Given material:
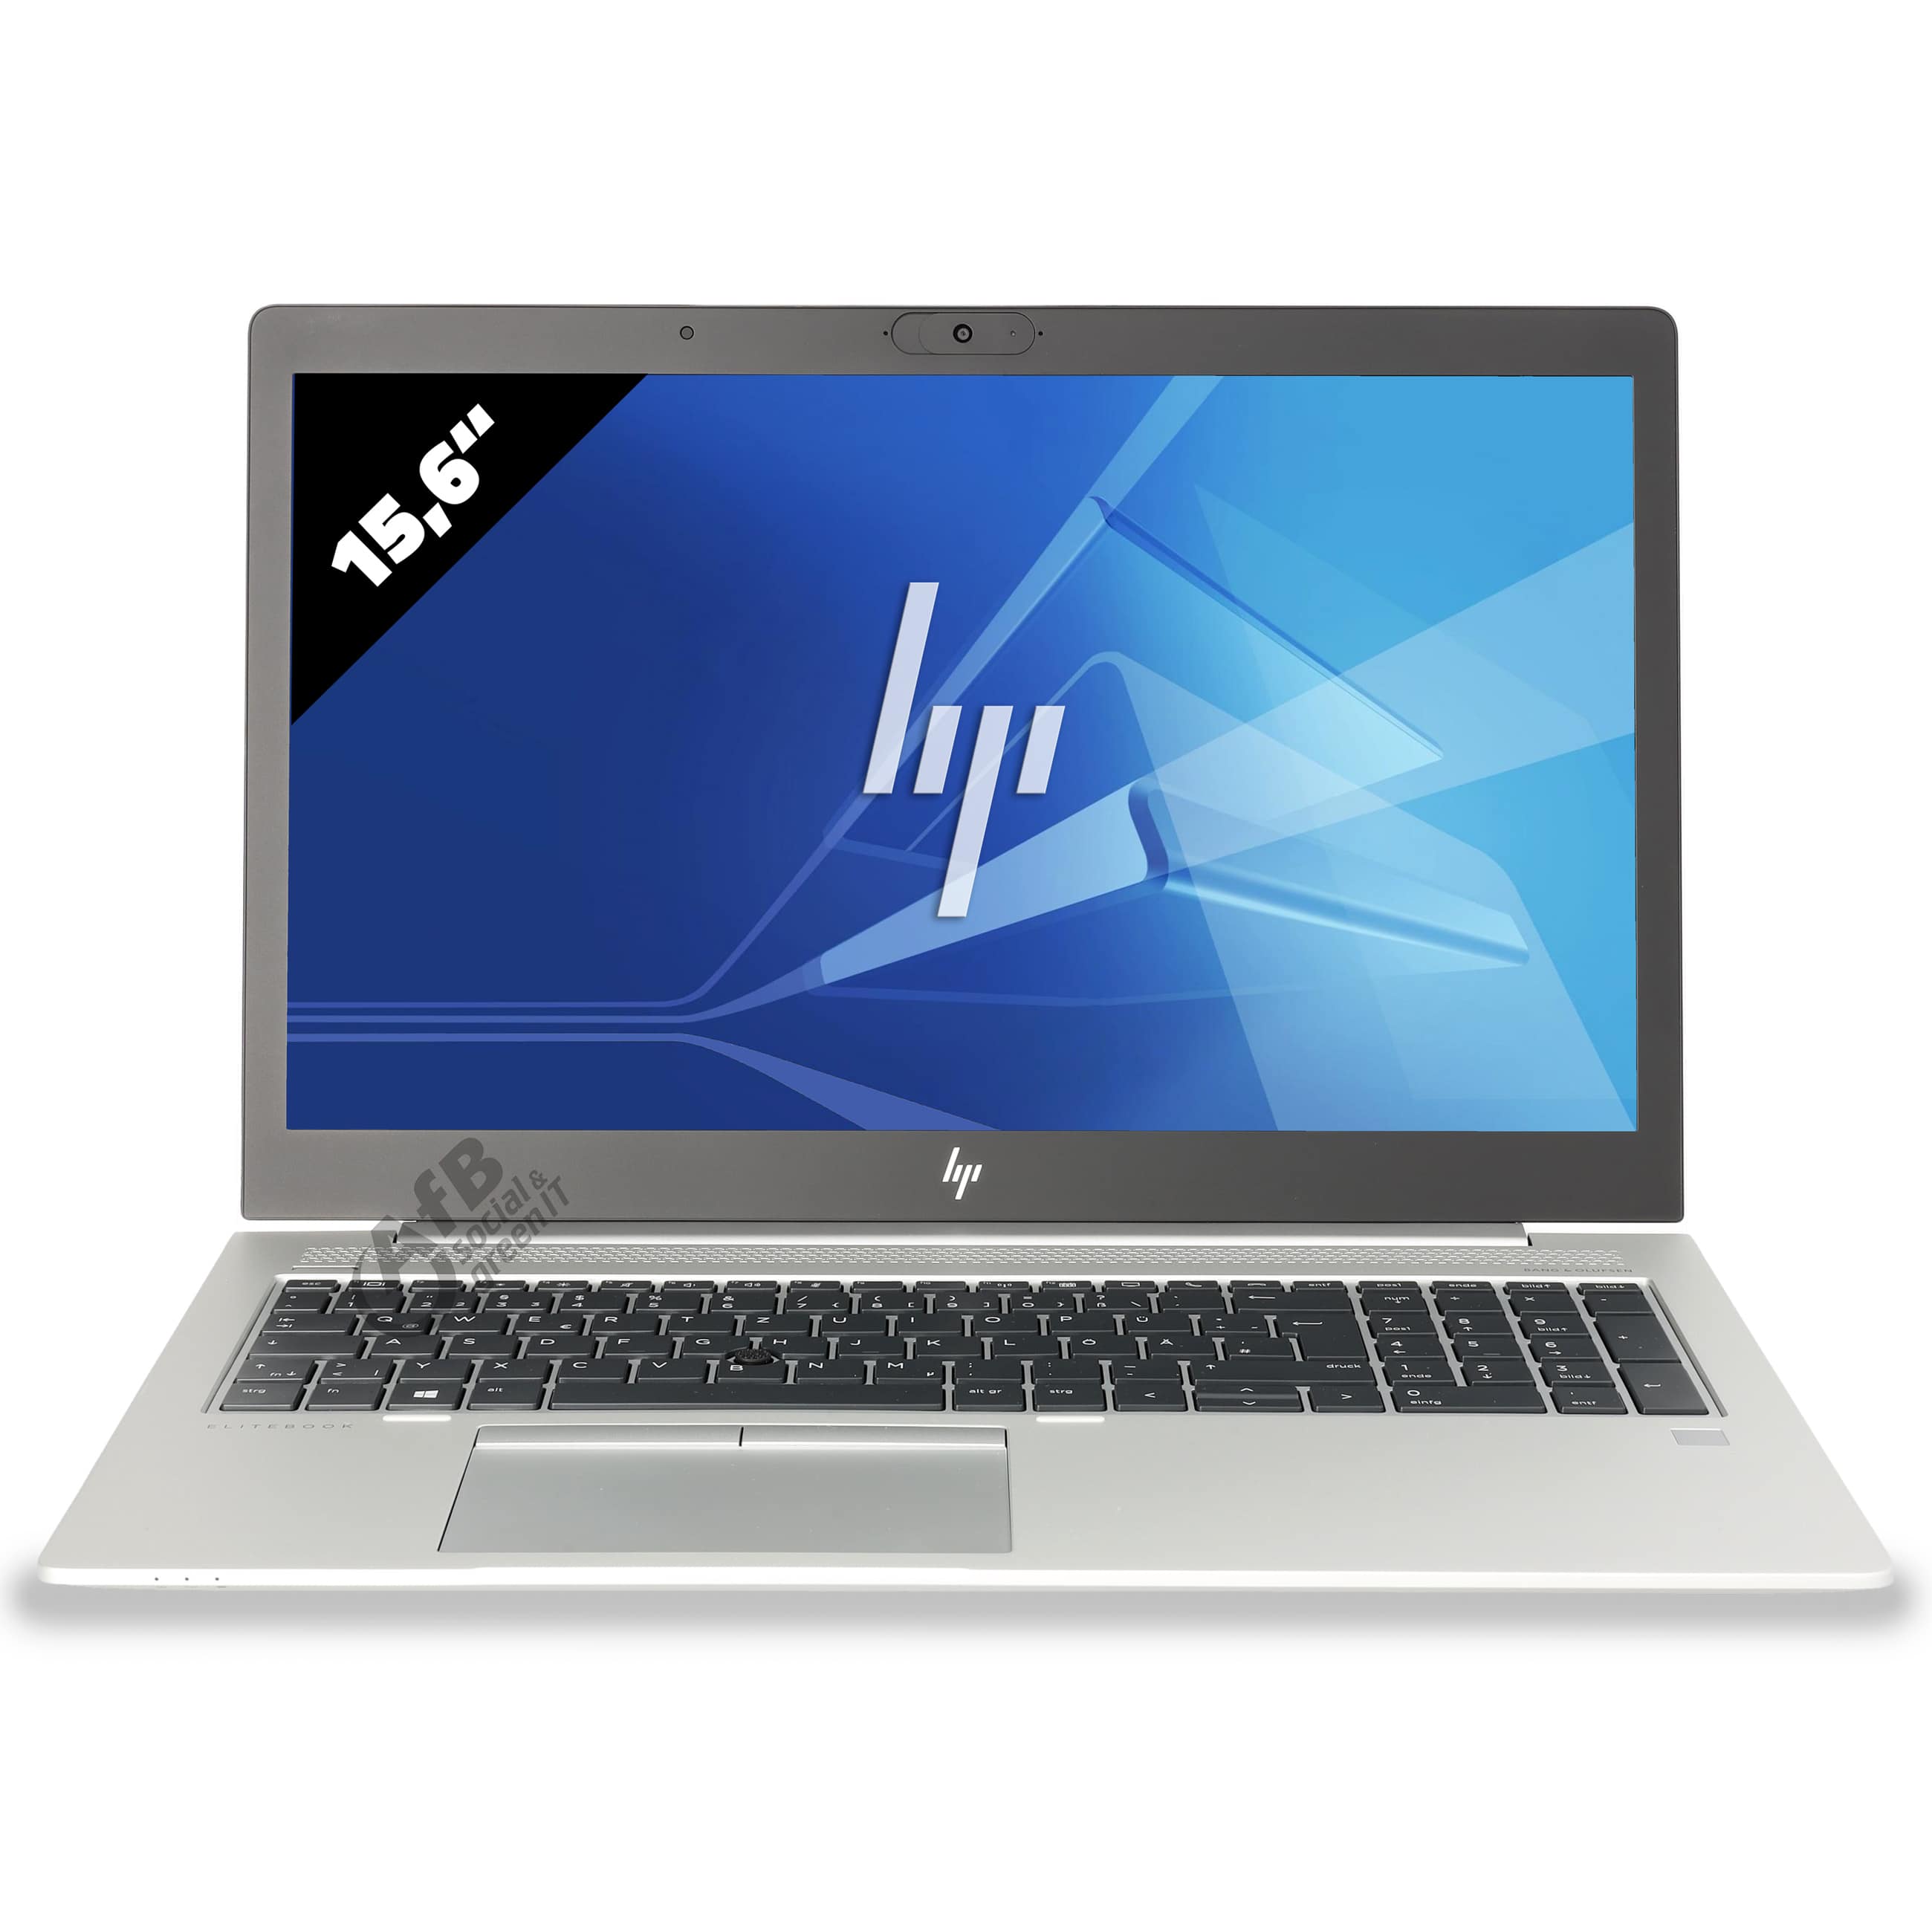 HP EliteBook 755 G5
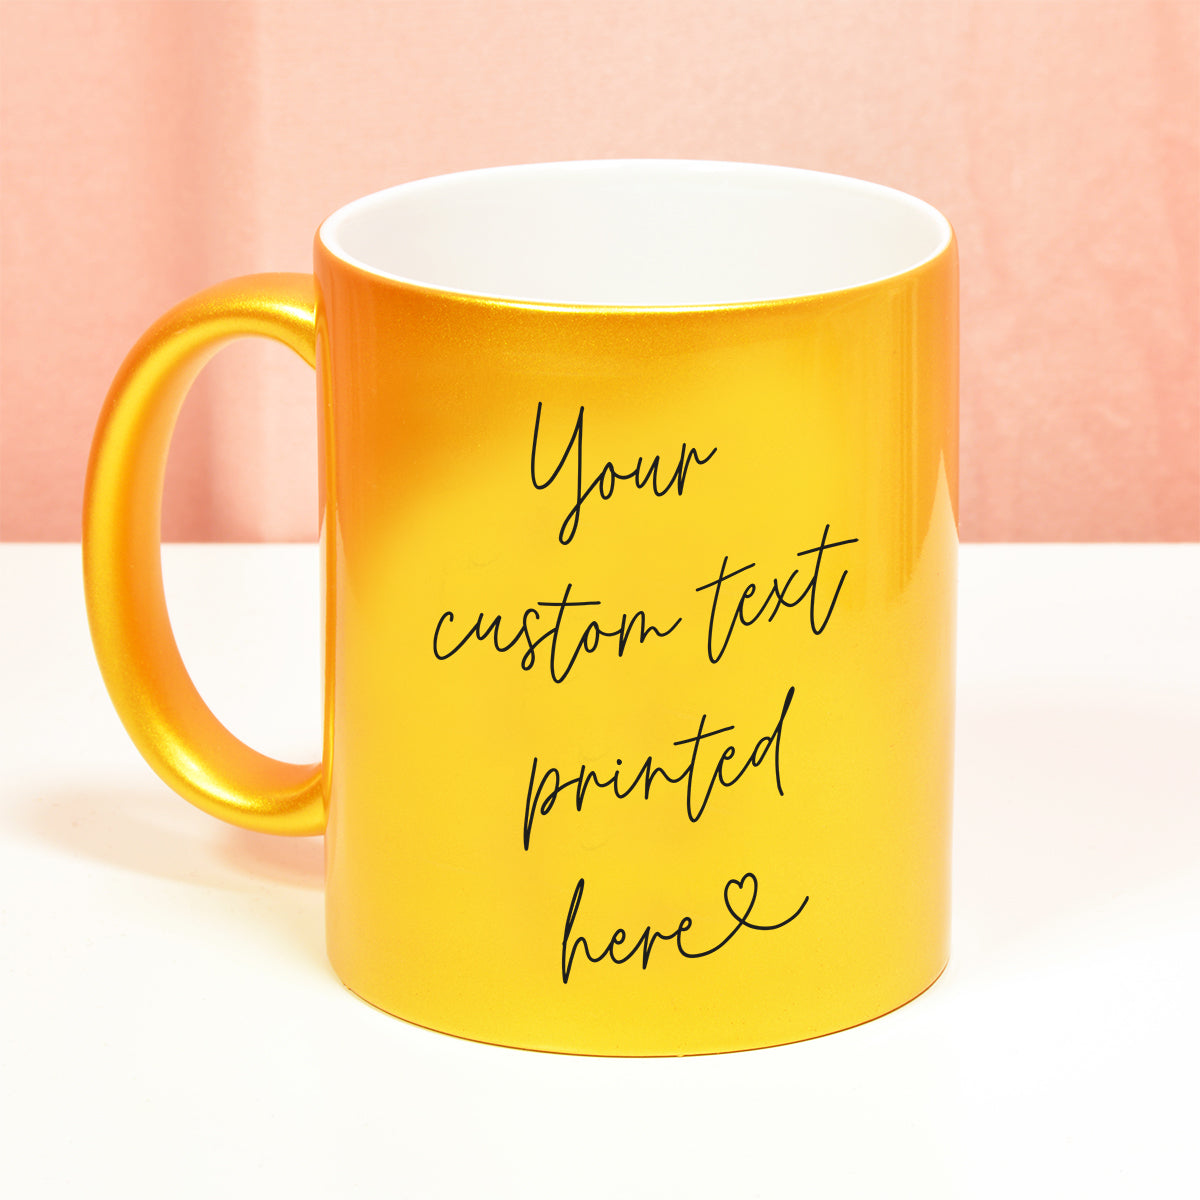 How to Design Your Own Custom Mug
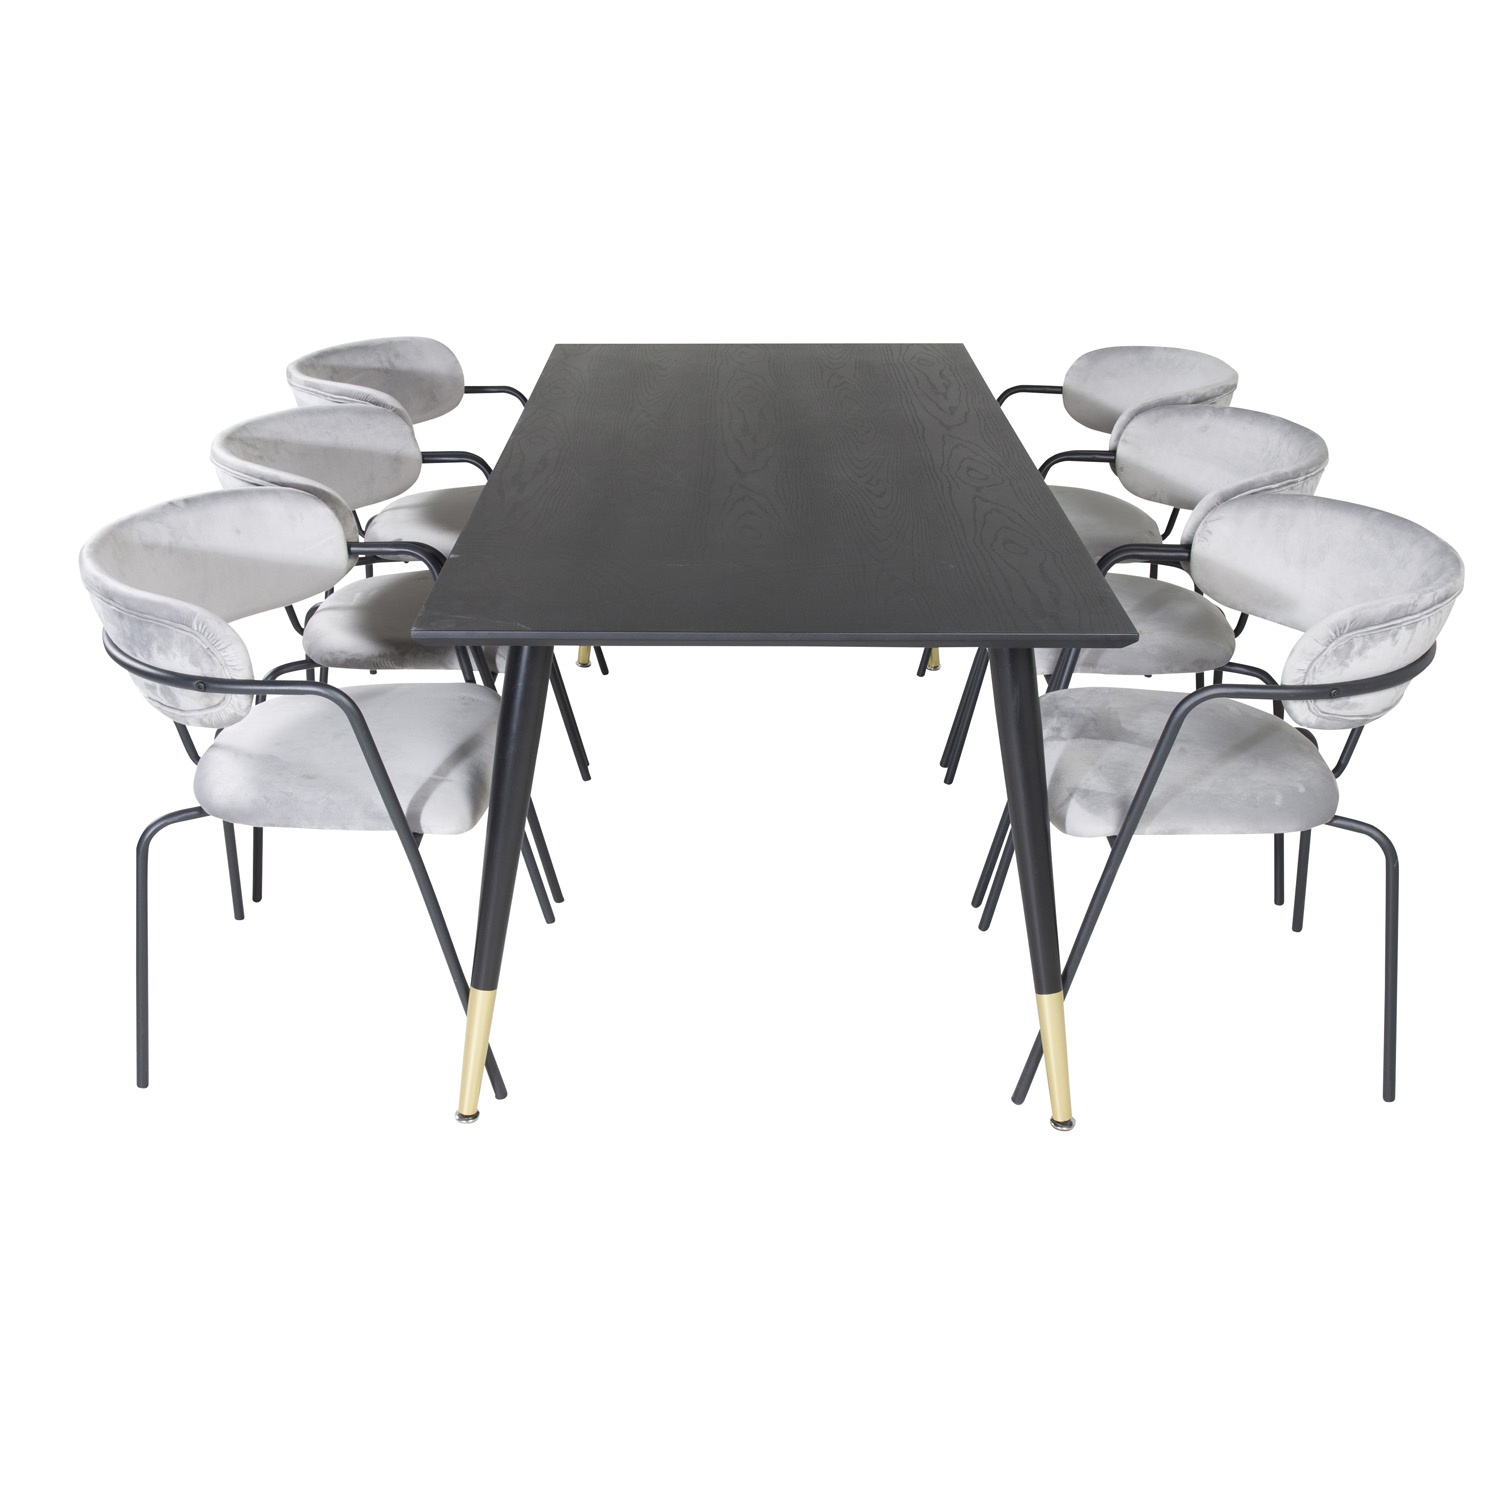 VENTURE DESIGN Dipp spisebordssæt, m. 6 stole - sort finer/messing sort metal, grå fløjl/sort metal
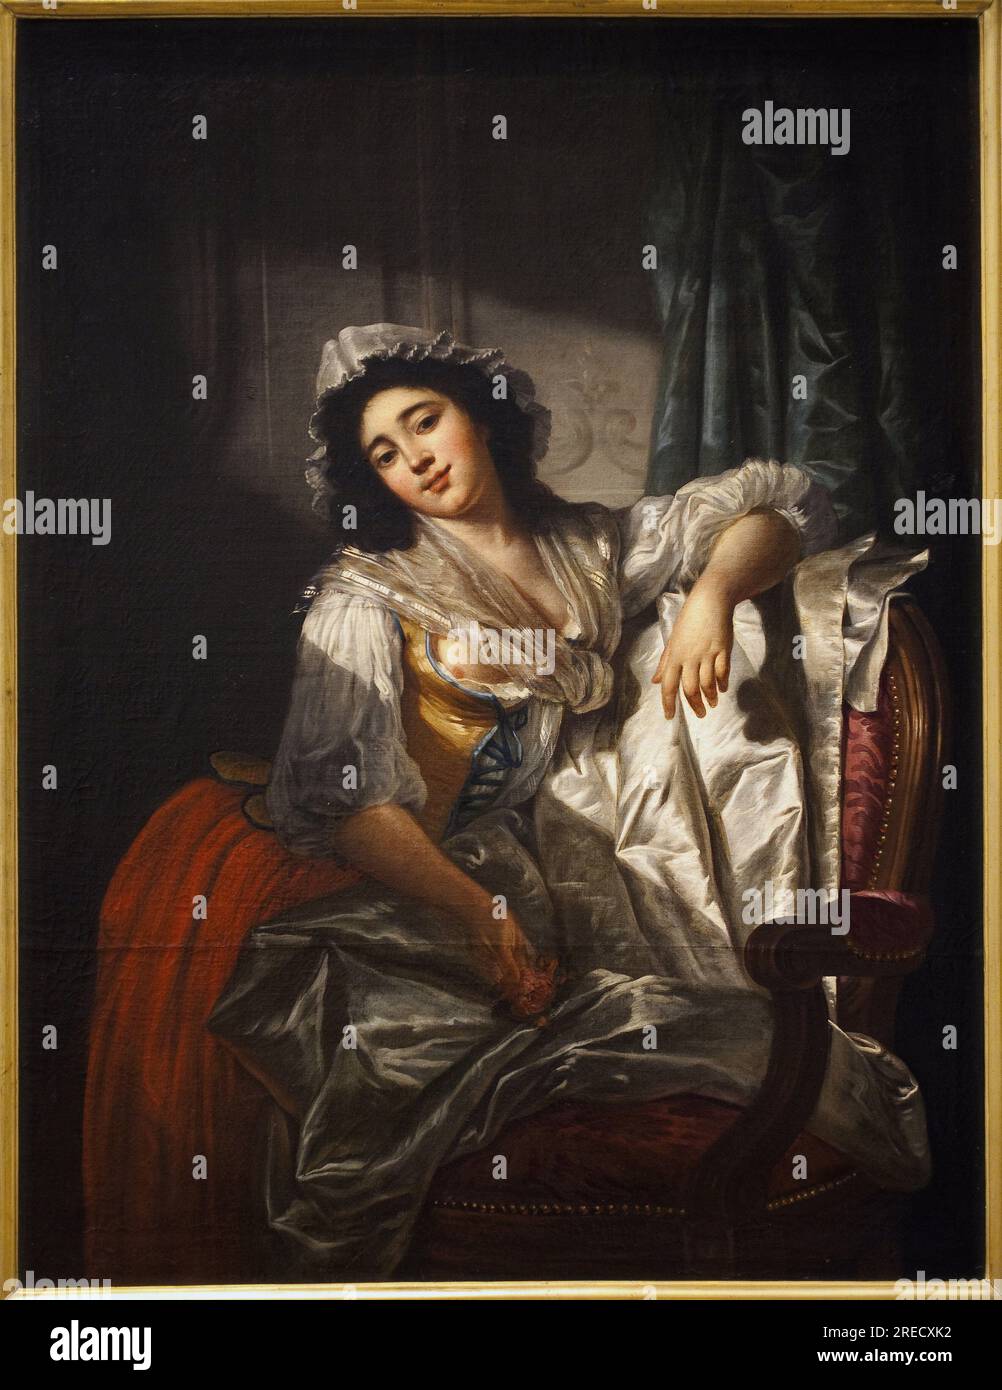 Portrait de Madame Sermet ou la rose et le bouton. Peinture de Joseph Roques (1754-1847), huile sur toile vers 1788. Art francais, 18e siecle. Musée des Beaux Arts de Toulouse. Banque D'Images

Assignment: For this exercise, restate the material exactly and skip every picture.

Result for this task:
 HP EliteBook 755 G5
 How to Design Your Own Custom Mug
 VENTURE DESIGN Dipp spisebordssæt, m. 6 stole - sort finer/messing sort metal, grå fløjl/sort metal
 Portrait de Madame Sermet ou la rose et le bouton. Peinture de Joseph Roques (1754-1847), huile sur toile vers 1788. Art francais, 18e siecle. Musée des Beaux Arts de Toulouse. Banque D'Images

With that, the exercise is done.